The bill limits first-time opiate prescriptions to seven days for adults and all opiate prescriptions for minors to seven days, with exceptions for chronic pain management, cancer, and palliative care. Practitioners must now check the prescription monitoring program (PMP) each time they prescribe any opiate and correspondingly note that in the patient’s medical records.
From its discussions with numerous stakeholders and recovery groups, the Legislature recognizes the importance of empowering individuals as they grapple with addiction. As a result, this bill establishes a non-opiate directive form, allowing patients to include a notation in their records that they shall not be offered opiates. It also provides the option of a “partial fill” which allows patients, in consultation with their doctor, to request a lesser amount than indicated on the script; however, this language is permissive and pharmacists may use their discretion.
In an effort to build upon current prevention efforts, the legislation updates current law - which requires all public schools to have a policy regarding substance abuse education - by directing schools to report their plans to the Department of Elementary and Secondary Education (DESE). DESE will then consult with the Department of Public Health (DPH) to provide recommendations that will assist schools and ensure they are providing effective and up-to-date education. Additional education materials will be provided to all student-athletes.

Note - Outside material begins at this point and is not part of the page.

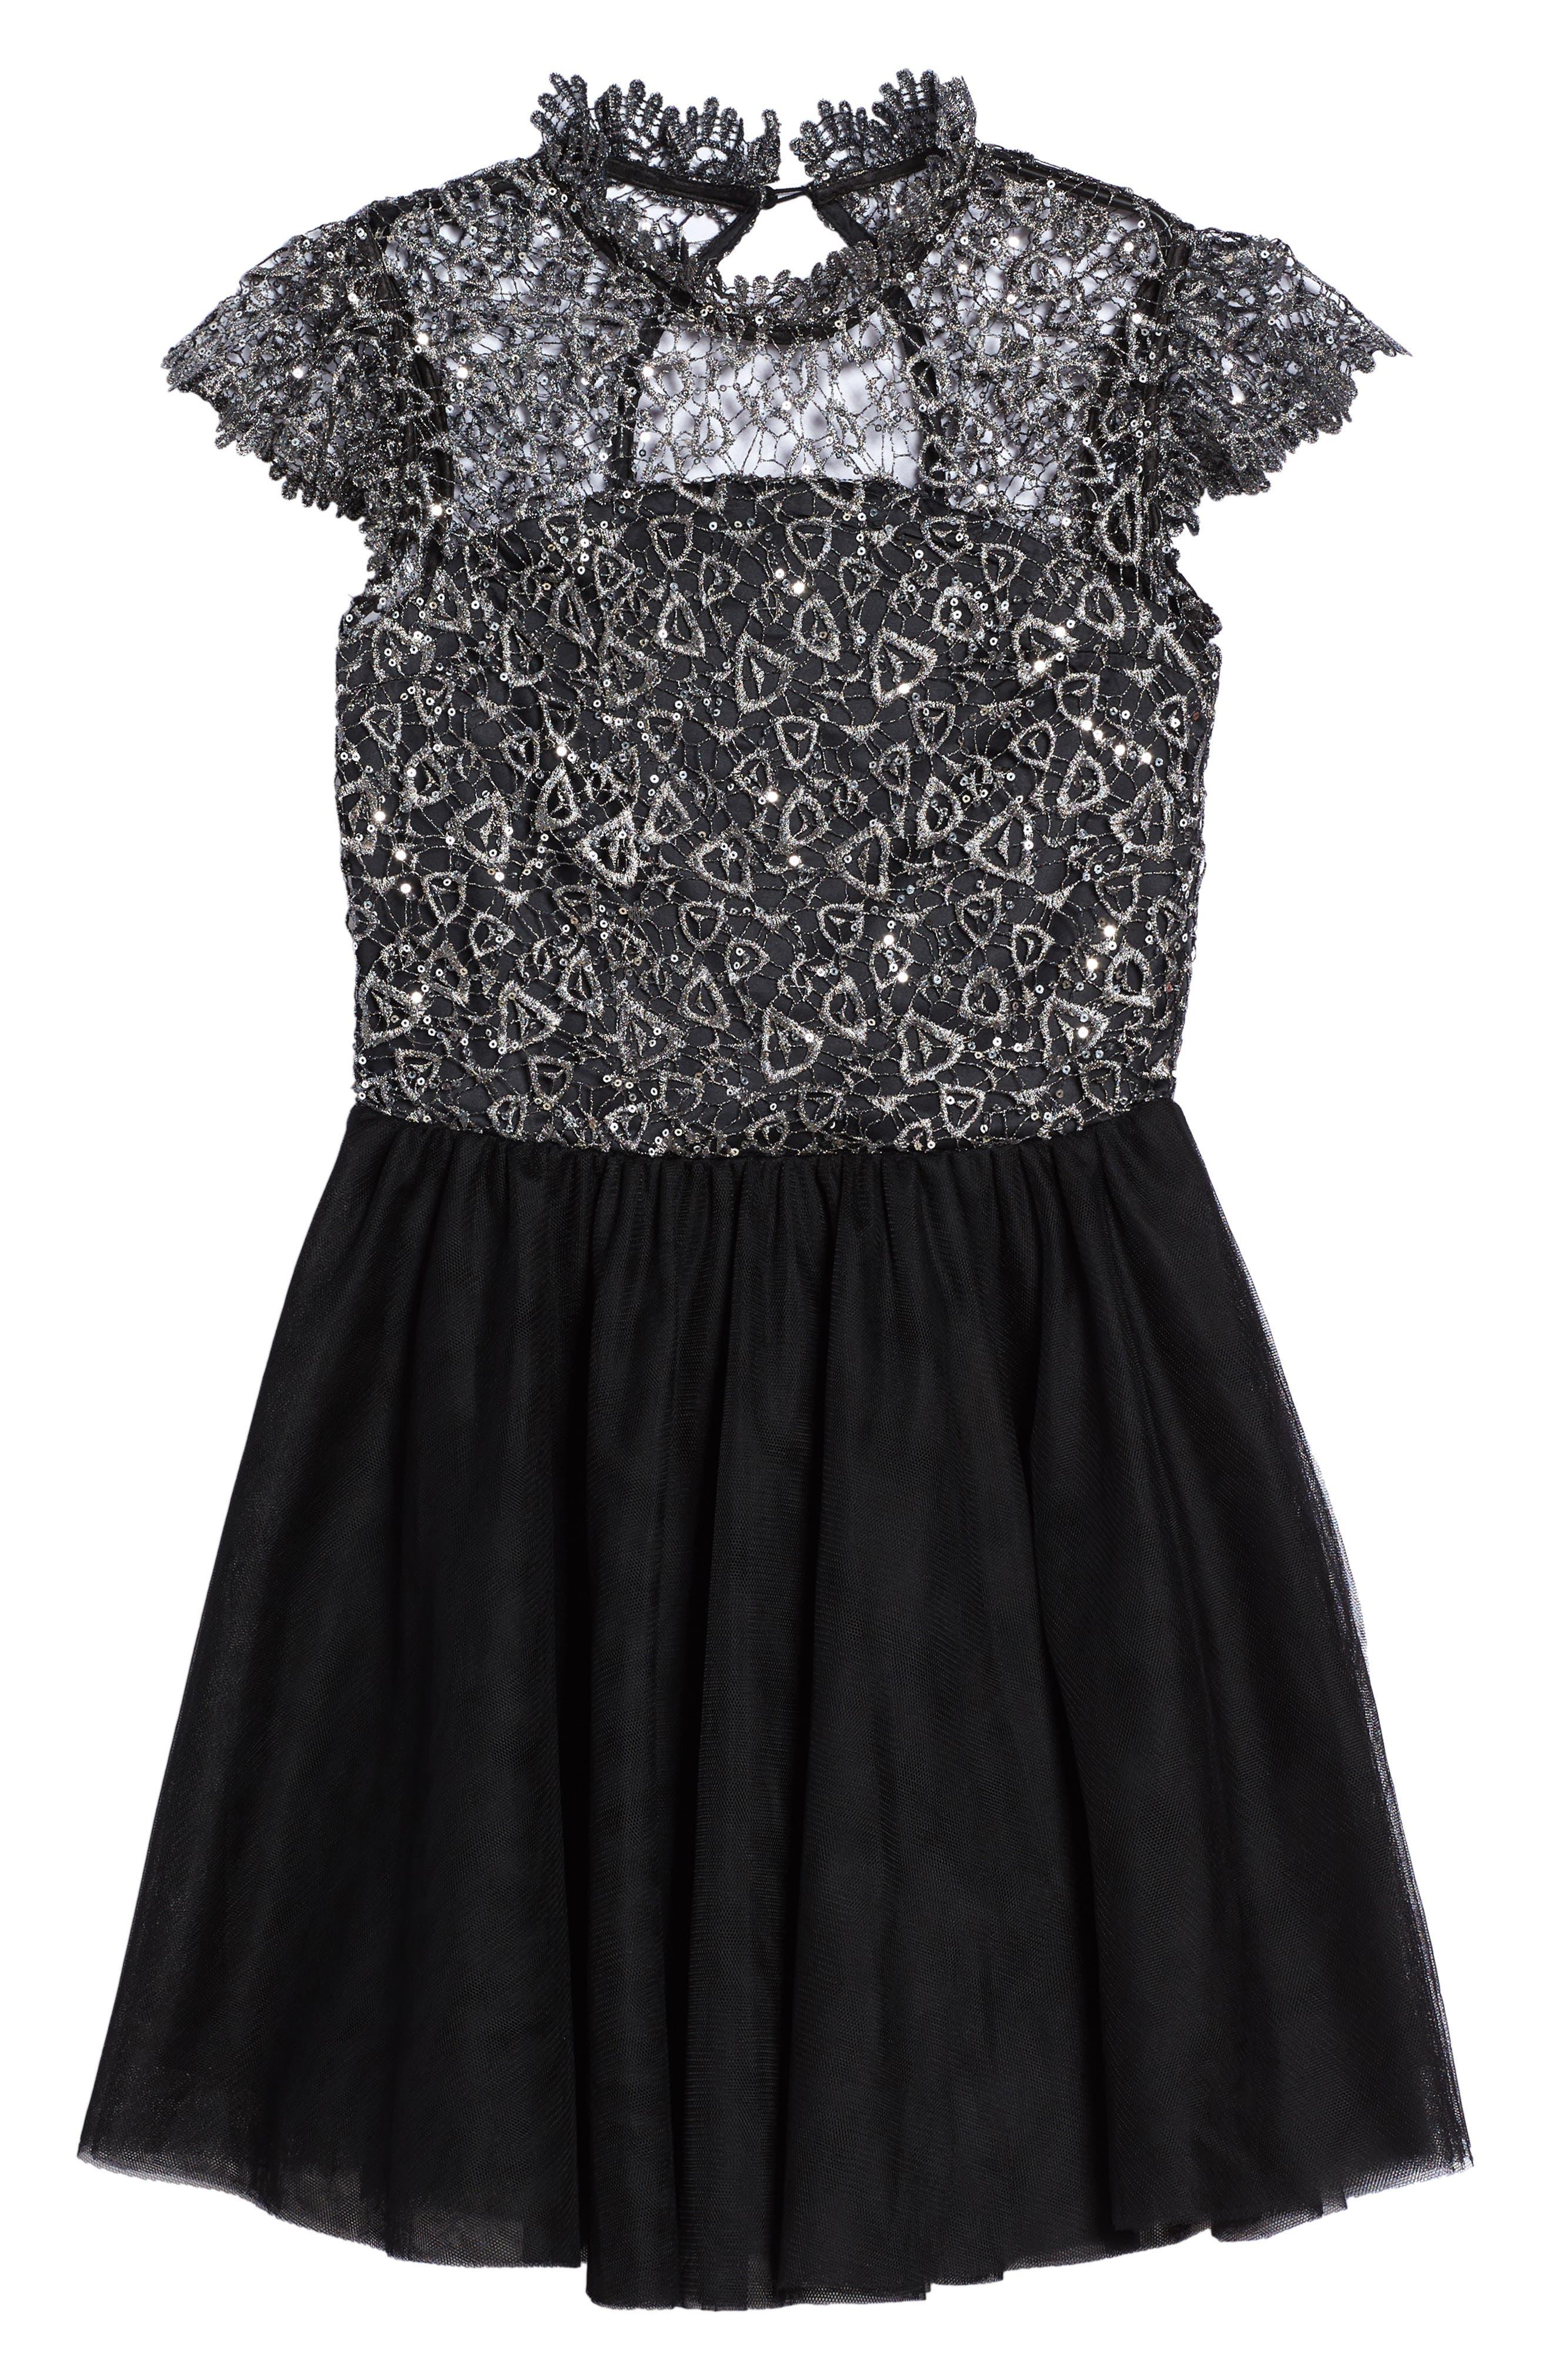 Bling Rocky Dress,                             Main thumbnail 1, color,                             Black

Schools will be required to conduct an annual verbal substance abuse screening in two grade levels. These screenings are subject to appropriation and include an opt-out provision for students and parents. Additionally, school districts implementing alternative substance use screening policies may opt out of the verbal screening tool requirement.

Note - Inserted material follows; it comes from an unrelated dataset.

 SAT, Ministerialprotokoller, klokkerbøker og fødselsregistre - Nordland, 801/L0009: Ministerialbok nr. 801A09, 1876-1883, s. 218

To ensure that unused medications are safely collected and disposed of, this legislation requires manufacturers of controlled substances in Massachusetts to participate in either a drug stewardship program or an alternative plan as determined by DPH.
Over the past few years, the Legislature’s efforts related to substance addiction have focused on behavioral health and the prevalence of co-occurring disorders. This legislation requires the Health Policy Commission to conduct a study on access to dual-diagnosis treatment in the Commonwealth for children, adolescents and adults. To help ensure parity between behavioral and physical health care, the legislation also requires insurance companies to report annually on their denied claims.
This bill also:
- Requires that contact information for all insurers be posted on the bed-finder tool website and updates the law to ensure the site is available 24 hours a day;
- Requires that patients being discharged from substance addiction receive information on all FDA-approved medication-assisted therapies;
- Ensures civil-liability protection for individuals who administer Narcan;
- Updates the training guidelines for all practitioners who prescribe controlled substances;
This legislation follows a 65.2% increase in substance addiction funding since FY12 and the landmark substance addiction law passed in 2014 which, for the first time, mandated detox and stabilization coverage. The two bills are intended to complement each other and reflect a consensus-driven approach.